For very small datasets under a few thousand records where full scans are fast enough and index maintenance overhead is unnecessary.
Real World Examples
Amazon
Uses inverted indexes and ranking algorithms to quickly find relevant products from millions of listings based on user search queries.
Google
Builds massive distributed indexes to serve billions of search queries per day with low latency and high relevance.
Airbnb
Implements search with filters and ranking to help users find suitable listings quickly from a large inventory.
Code Example
The before code scans every document for the query word, which is slow for many documents. The after code builds an inverted index mapping words to documents, enabling fast lookup by intersecting sets of documents containing each query word.
LLD
### Before: Naive search scanning all documents
class SearchEngine:
    def __init__(self, documents):
        self.documents = documents

    def search(self, query):
        results = []
        for doc_id, text in self.documents.items():
            if query.lower() in text.lower():
                results.append(doc_id)
        return results


### After: Using inverted index for fast lookup
class SearchEngine:
    def __init__(self, documents):
        self.documents = documents
        self.index = self.build_index(documents)

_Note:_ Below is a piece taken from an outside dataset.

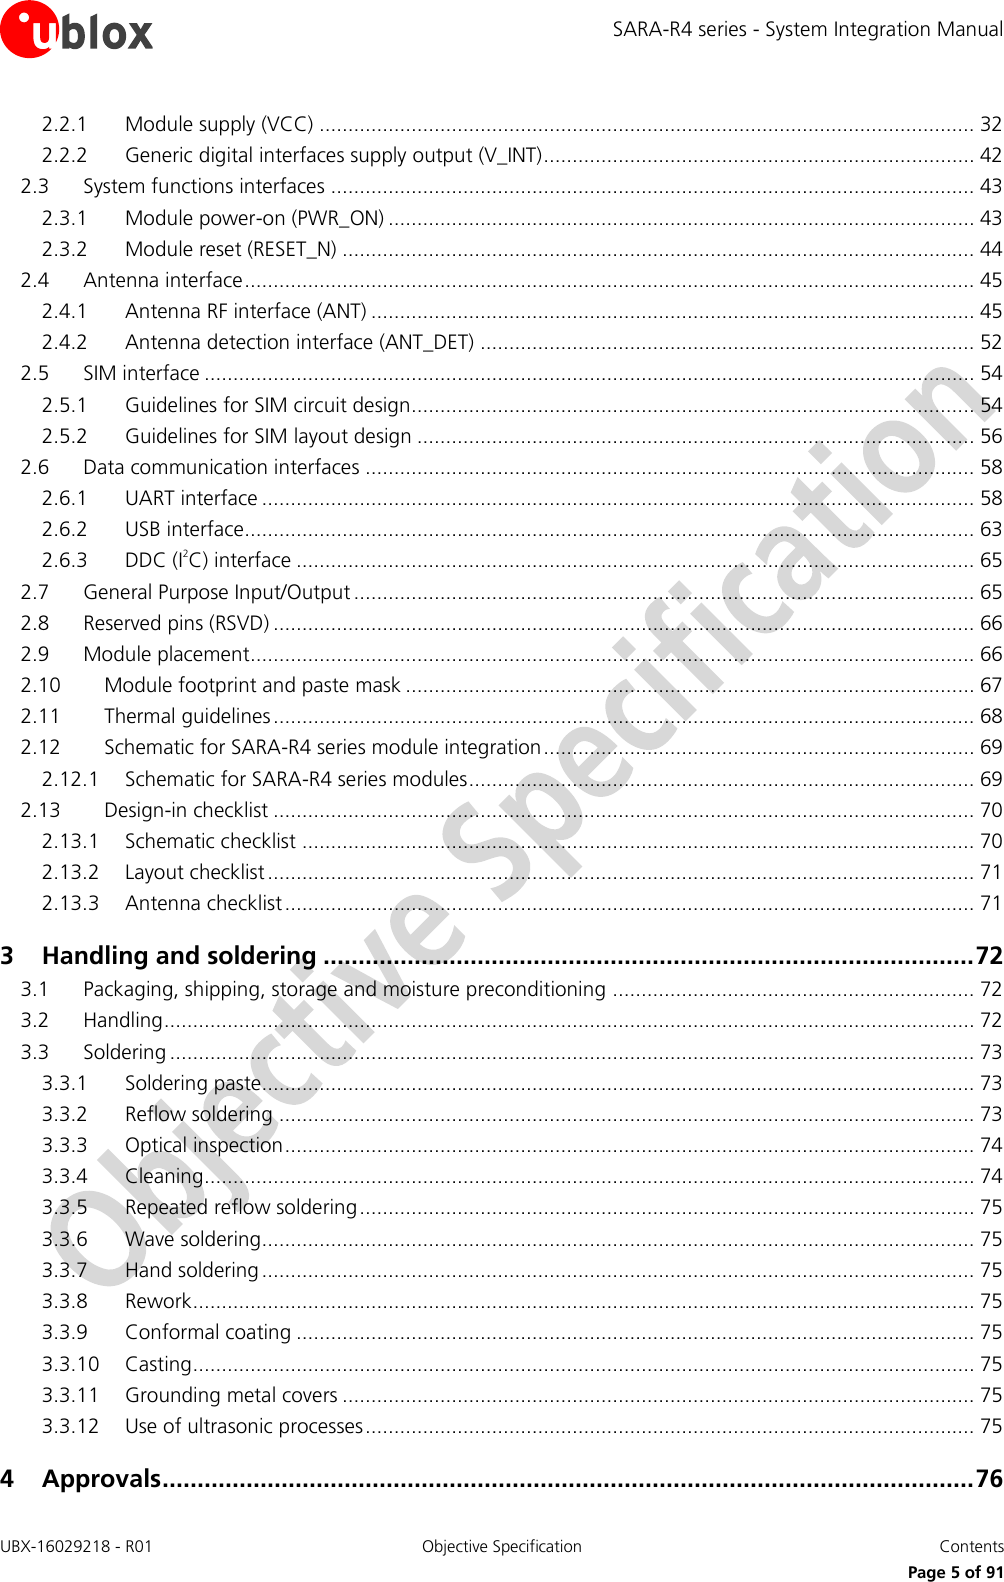 SARA-R4 series - System Integration Manual UBX-16029218 - R01  Objective Specification  Contents     Page 5 of 91 2.2.1 Module supply (VCC) .................................................................................................................. 32 2.2.2 Generic digital interfaces supply output (V_INT) ........................................................................... 42 2.3 System functions interfaces ................................................................................................................ 43 2.3.1 Module power-on (PWR_ON) ...................................................................................................... 43 2.3.2 Module reset (RESET_N) .............................................................................................................. 44 2.4 Antenna interface ............................................................................................................................... 45 2.4.1 Antenna RF interface (ANT) ......................................................................................................... 45 2.4.2 Antenna detection interface (ANT_DET) ...................................................................................... 52 2.5 SIM interface ...................................................................................................................................... 54 2.5.1 Guidelines for SIM circuit design.................................................................................................. 54 2.5.2 Guidelines for SIM layout design ................................................................................................. 56 2.6 Data communication interfaces .......................................................................................................... 58 2.6.1 UART interface ............................................................................................................................ 58 2.6.2 USB interface............................................................................................................................... 63 2.6.3 DDC (I2C) interface ...................................................................................................................... 65 2.7 General Purpose Input/Output ............................................................................................................ 65 2.8 Reserved pins (RSVD) .......................................................................................................................... 66 2.9 Module placement.............................................................................................................................. 66 2.10 Module footprint and paste mask ................................................................................................... 67 2.11 Thermal guidelines .......................................................................................................................... 68 2.12 Schematic for SARA-R4 series module integration ........................................................................... 69 2.12.1 Schematic for SARA-R4 series modules ........................................................................................ 69 2.13 Design-in checklist .......................................................................................................................... 70 2.13.1 Schematic checklist ..................................................................................................................... 70 2.13.2 Layout checklist ........................................................................................................................... 71 2.13.3 Antenna checklist ........................................................................................................................ 71 3 Handling and soldering ............................................................................................. 72 3.1 Packaging, shipping, storage and moisture preconditioning ............................................................... 72 3.2 Handling ............................................................................................................................................. 72 3.3 Soldering ............................................................................................................................................ 73 3.3.1 Soldering paste............................................................................................................................ 73 3.3.2 Reflow soldering ......................................................................................................................... 73 3.3.3 Optical inspection ........................................................................................................................ 74 3.3.4 Cleaning ...................................................................................................................................... 74 3.3.5 Repeated reflow soldering ........................................................................................................... 75 3.3.6 Wave soldering............................................................................................................................ 75 3.3.7 Hand soldering ............................................................................................................................ 75 3.3.8 Rework ........................................................................................................................................ 75 3.3.9 Conformal coating ...................................................................................................................... 75 3.3.10 Casting ........................................................................................................................................ 75 3.3.11 Grounding metal covers .............................................................................................................. 75 3.3.12 Use of ultrasonic processes .......................................................................................................... 75 4 Approvals .................................................................................................................... 76

    def build_index(self, documents):
        index = {}
        for doc_id, text in documents.items():
            for word in text.lower().split():
                index.setdefault(word, set()).add(doc_id)
        return index

    def search(self, query):
        query_words = query.lower().split()
        if not query_words:
            return []
        result_sets = [self.index.get(word, set()) for word in query_words]
        # Intersection of sets to find docs containing all query words
        results = set.intersection(*result_sets) if result_sets else set()
        return list(results)
OutputSuccess
Alternatives
Full Table Scan
Scans all data sequentially without indexes, resulting in slower queries.
Use when: Dataset is very small or queries are infrequent and simple.
Database Text Search
Uses built-in database text search features, which may be less flexible or scalable than dedicated search engines.
Use when: When integration simplicity is more important than advanced search features.
Search as a Service (e.g., Algolia, Elasticsearch Cloud)
Outsources search infrastructure to managed services, reducing operational overhead.
Use when: When rapid development and maintenance reduction are priorities over full control.
Summary
Naive search scanning all data is slow and unscalable for large datasets.
Search functionality design uses indexes and ranking to deliver fast, relevant results.
Trade-offs include index maintenance complexity versus improved user experience.